# Pee from fresh lemon juice...



## Sirthomas42 (Apr 12, 2012)

It may have already been covered, but my (admittedly quick) search didn't turn anything up. Has anyone make Skeeter Pee from fresh squeezed lemon juice?

The wife and I juiced a bunch of fresh-from-a-backyard-tree-from-California lemons this afternoon. We have a little over half a gallon of juice, and all the zest from the lemons, just in case. 

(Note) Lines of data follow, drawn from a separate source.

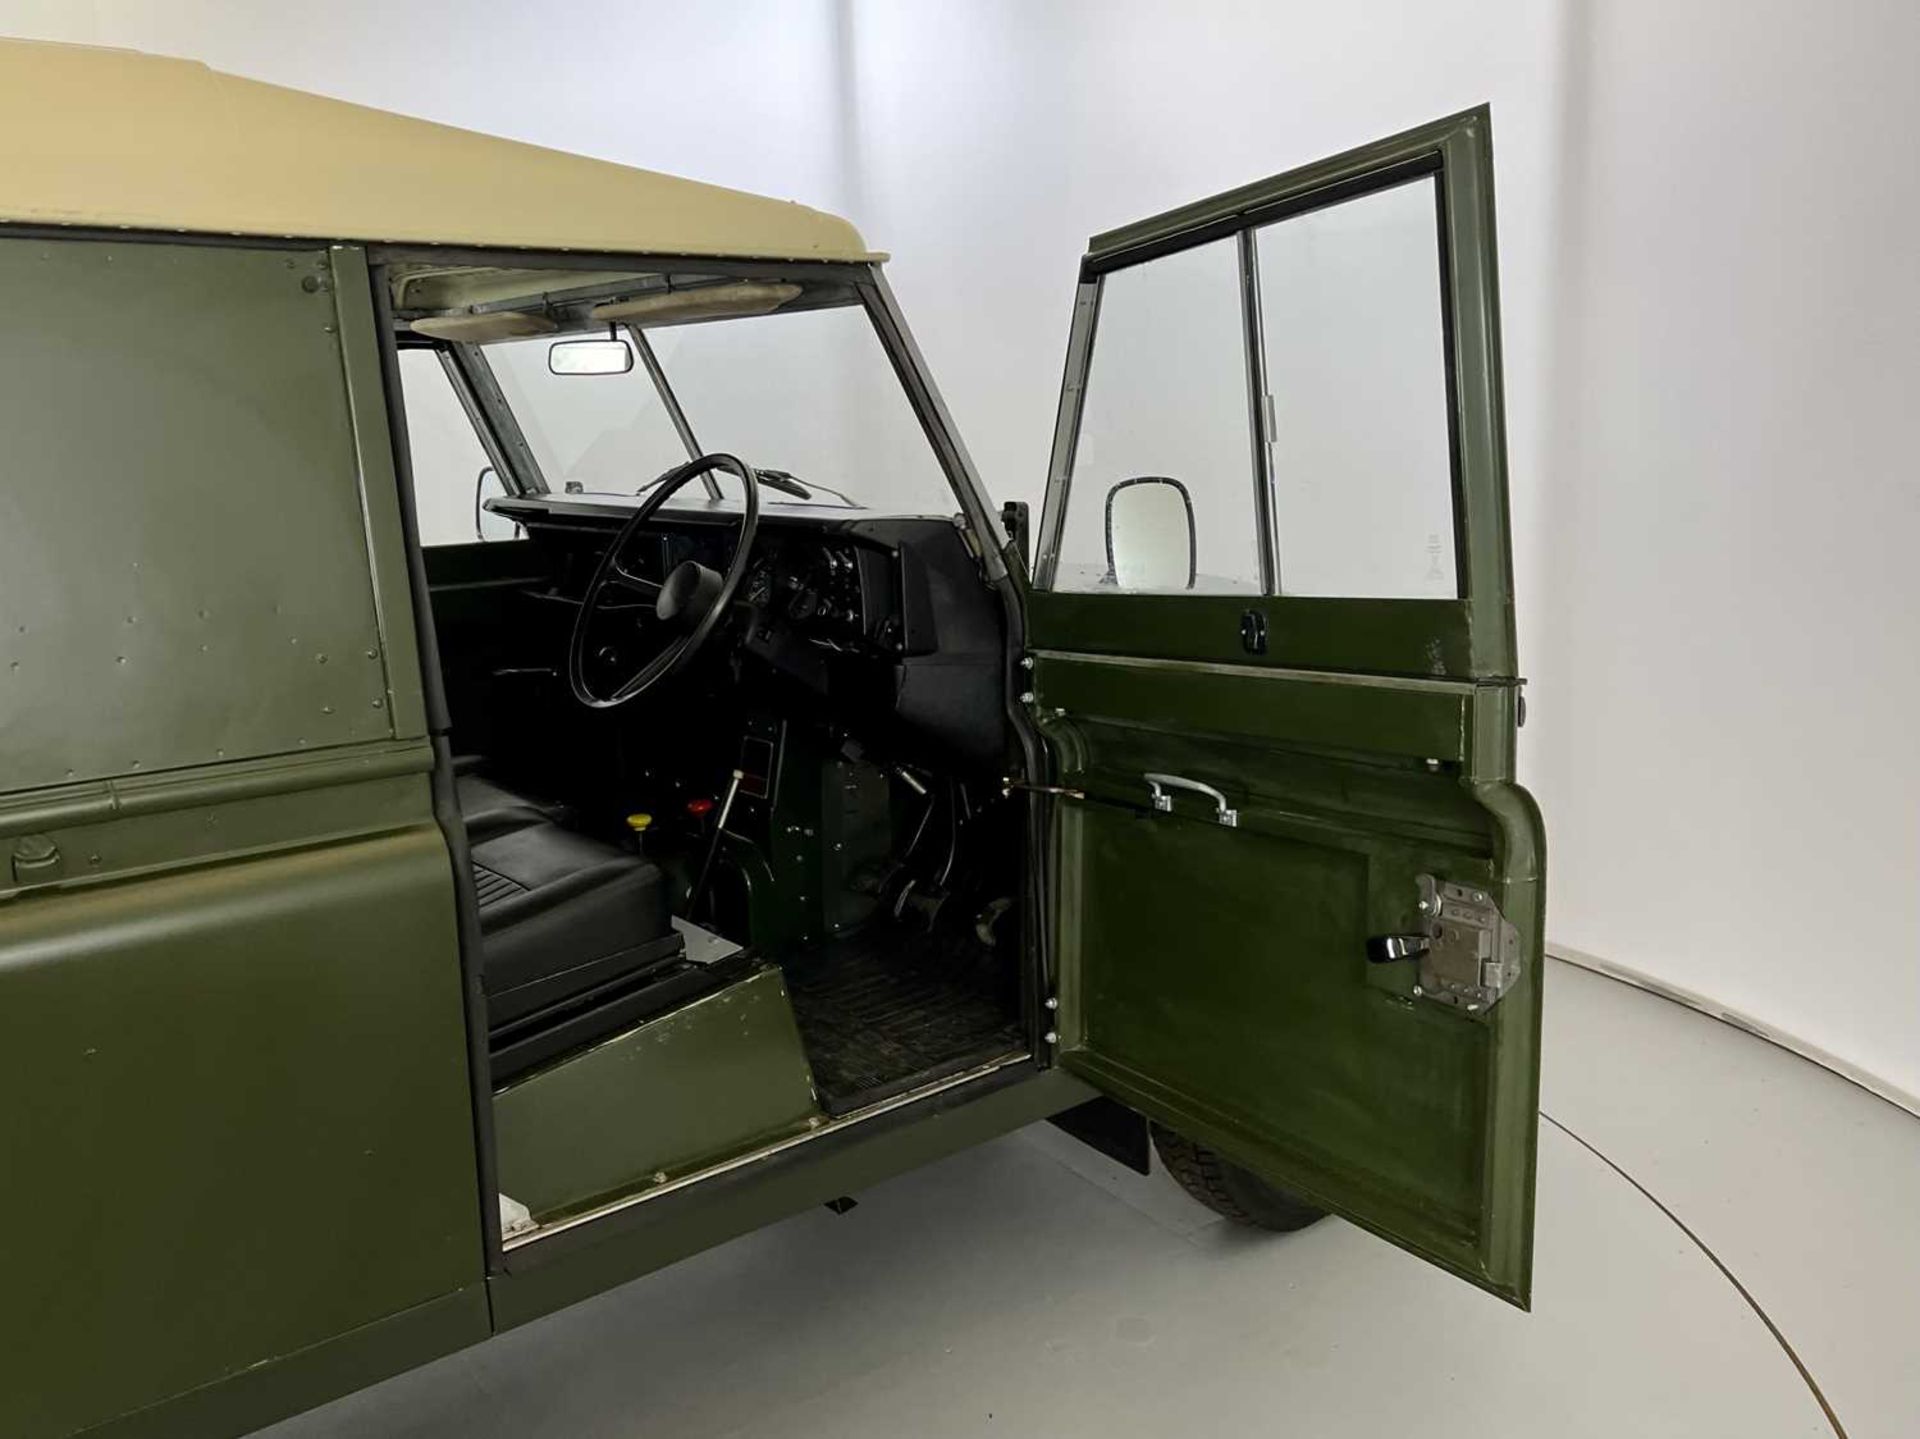 1981 Land Rover Series 3 - 6 Cylinder - Image 18 of 31
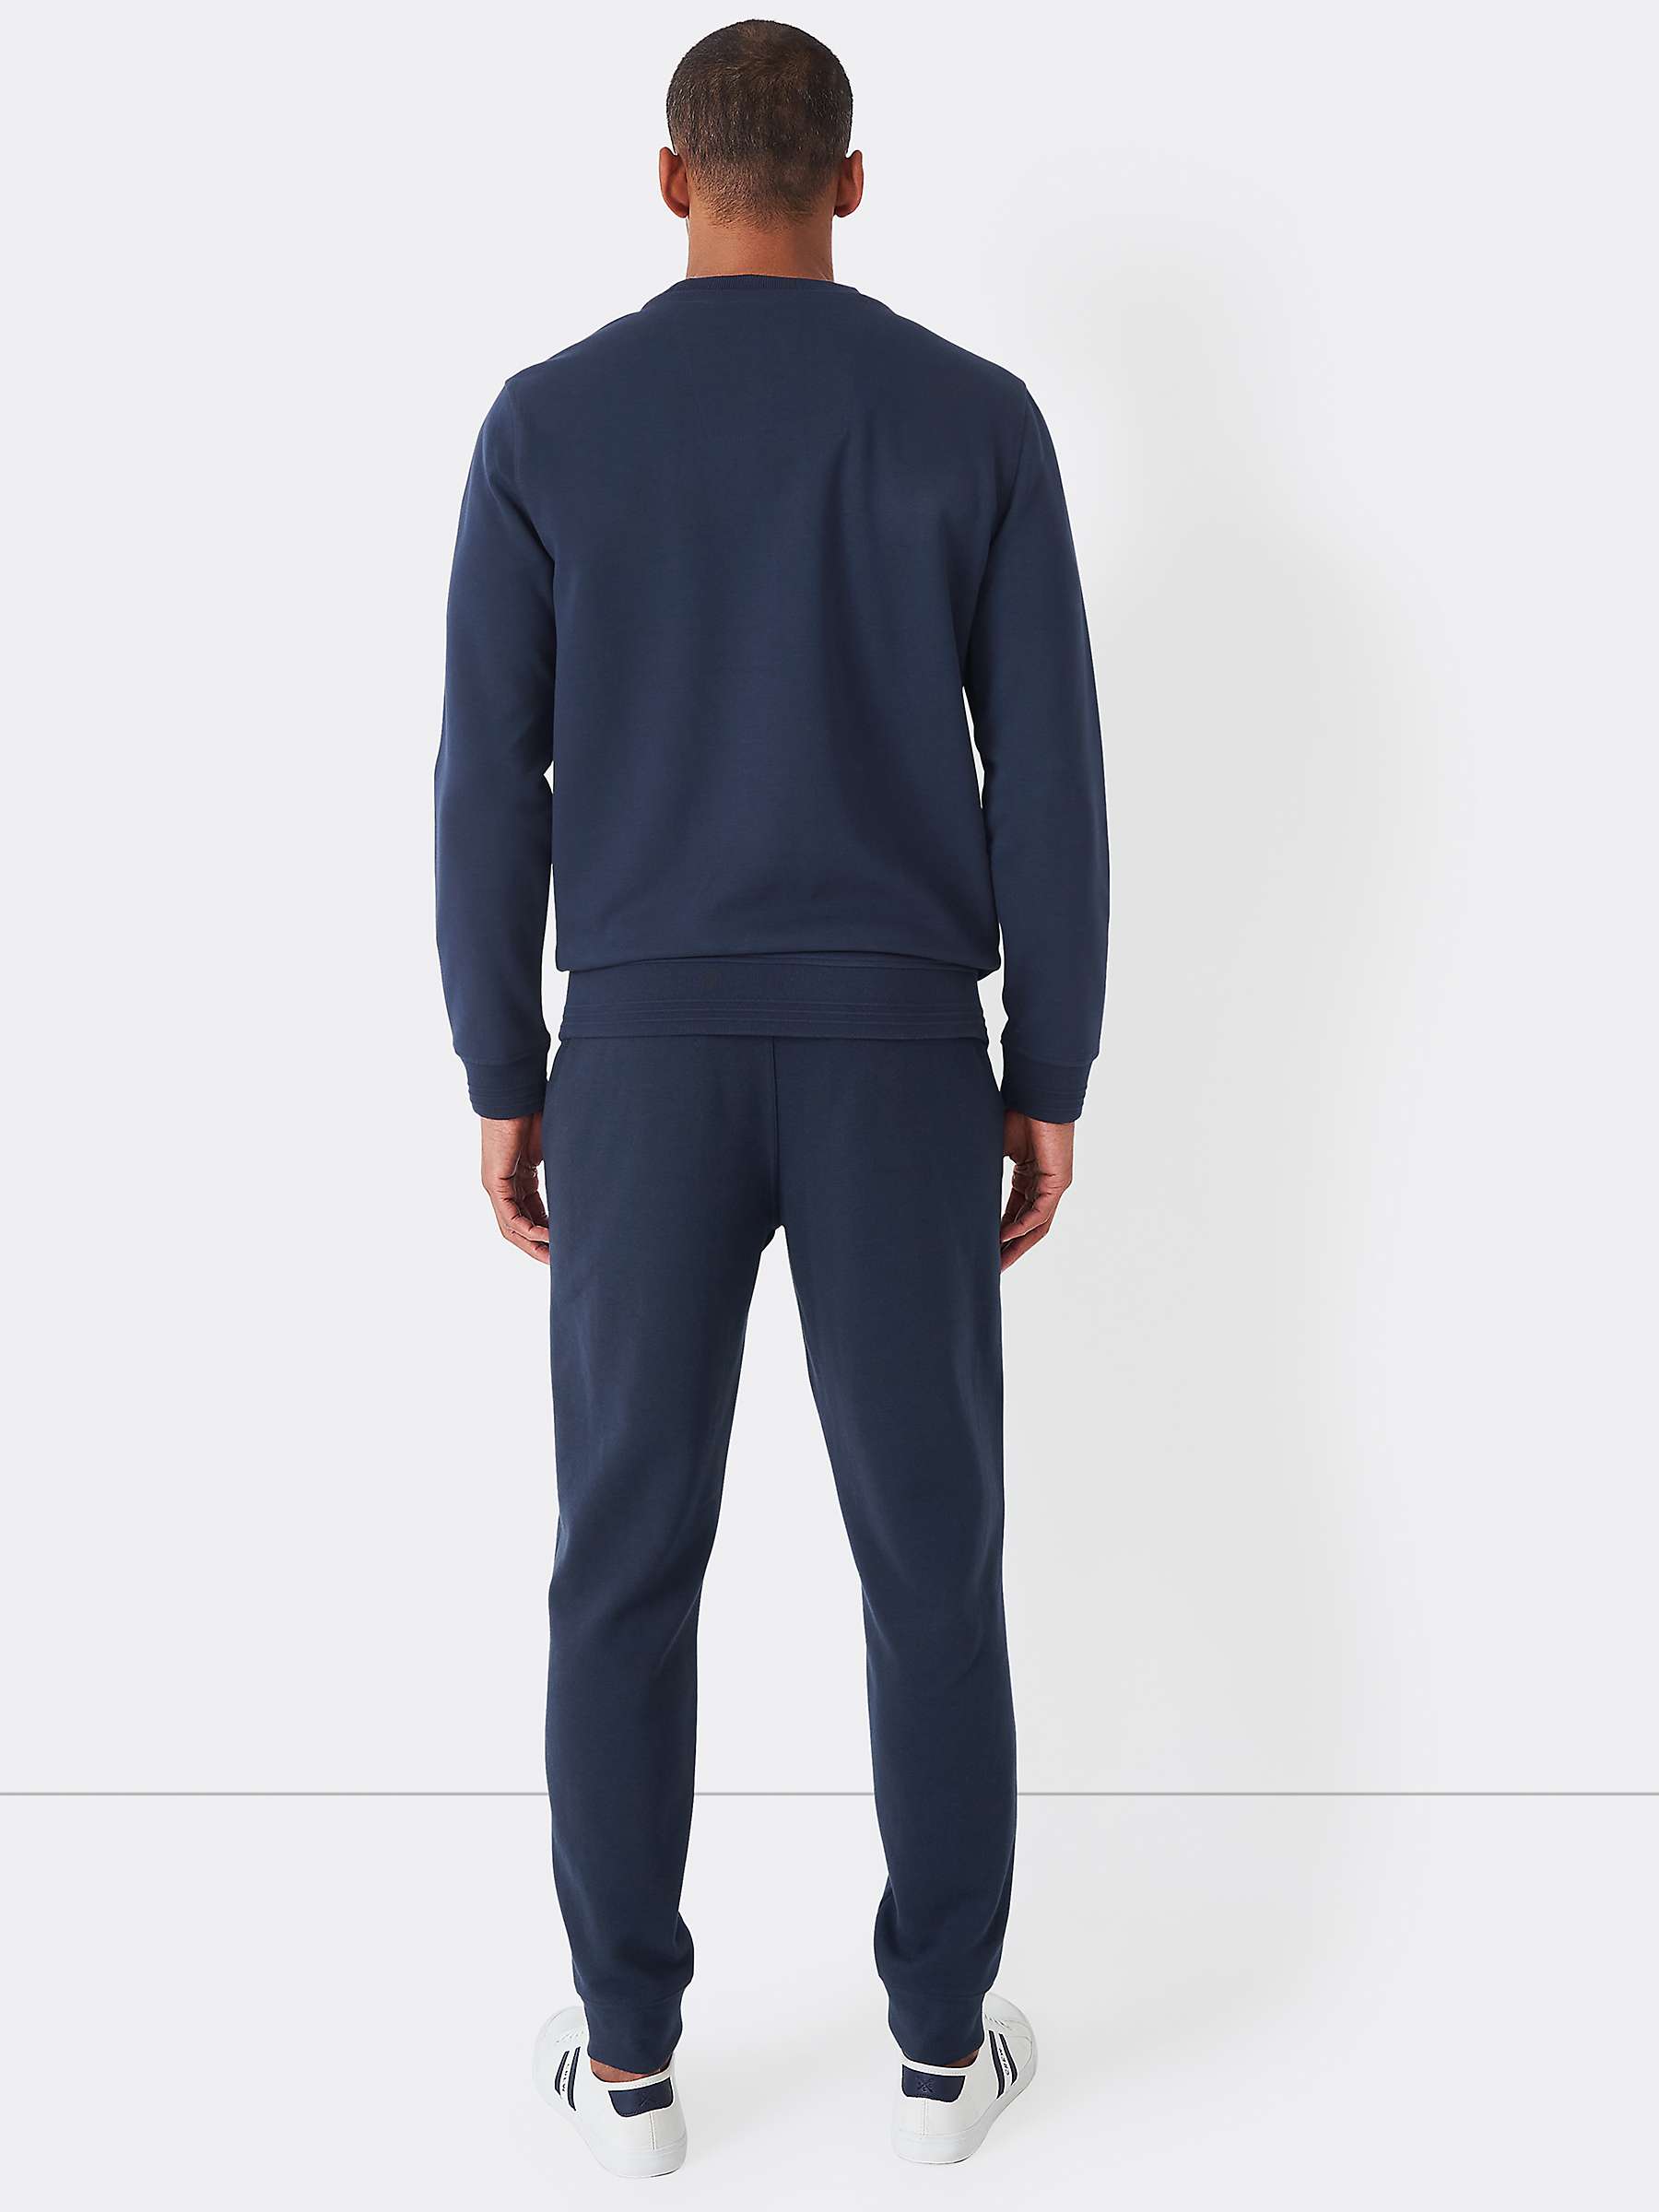 Crew Clothing Fairford Joggers, Navy at John Lewis & Partners
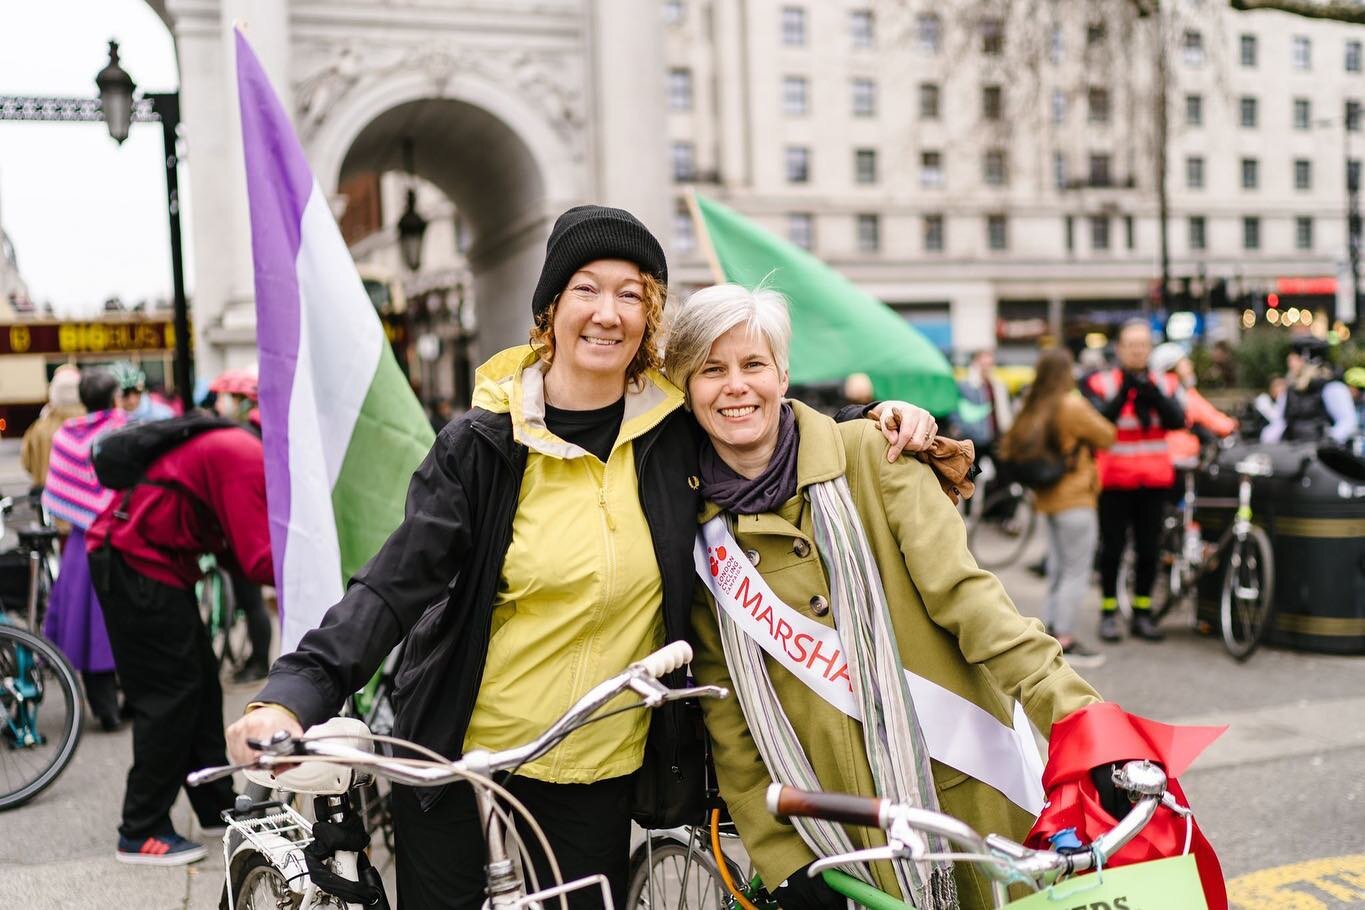 Freezing and Proud to be one of 700 cyclists, holding up traffic on a Sunday morning in Central London. We want more SAFE cycle routes so that we can ALL enjoy the ride - without being at risk of losing our legs, thank you. 
Here's me and lovely Rach

A normal Pee batch uses 96oz of lemon juice... we have a little over 64, but we could add in some of the zest to extract more lemon flavor. Any thoughts or advice from master Pee makers?


----------



## Arne (Apr 13, 2012)

Sounds like a great plan. You can make a smaller batch as it will probably be a little weak on a 5 gal. one. or you can add a bottle of real lemon with it. I would start it out with a pint or so of the lemon juice in it and add the rest slowly as the ferment is going on. Should make a great summer drink for you. Arne.


----------



## olusteebus (Apr 13, 2012)

the problem you have is that you are using California lemons. You should have used *Florida* lemons. You should be able to buy them at a store. J/K

I think Realemon does not taste as good as fresh lemon. Don't know if it would affect the taste of the pee. Let me know.

Buster
Lemon Farmer from Florida (two trees)


----------



## shoebiedoo (Apr 13, 2012)

olusteebus said:


> I think Realemon does not taste as good as fresh lemon. Don't know if it would affect the taste of the pee. Let me know.
> 
> Buster
> Lemon Farmer from Florida (two trees)



Not as much as Asparagus  sorry, I couldn't let that one go


----------



## femki (Apr 16, 2012)

I saw a post from Lon about this in another thread that people sometimes have a harder time getting the ferment going with natural juice. He noted something about the possibility of higher acidity from fresh lemons.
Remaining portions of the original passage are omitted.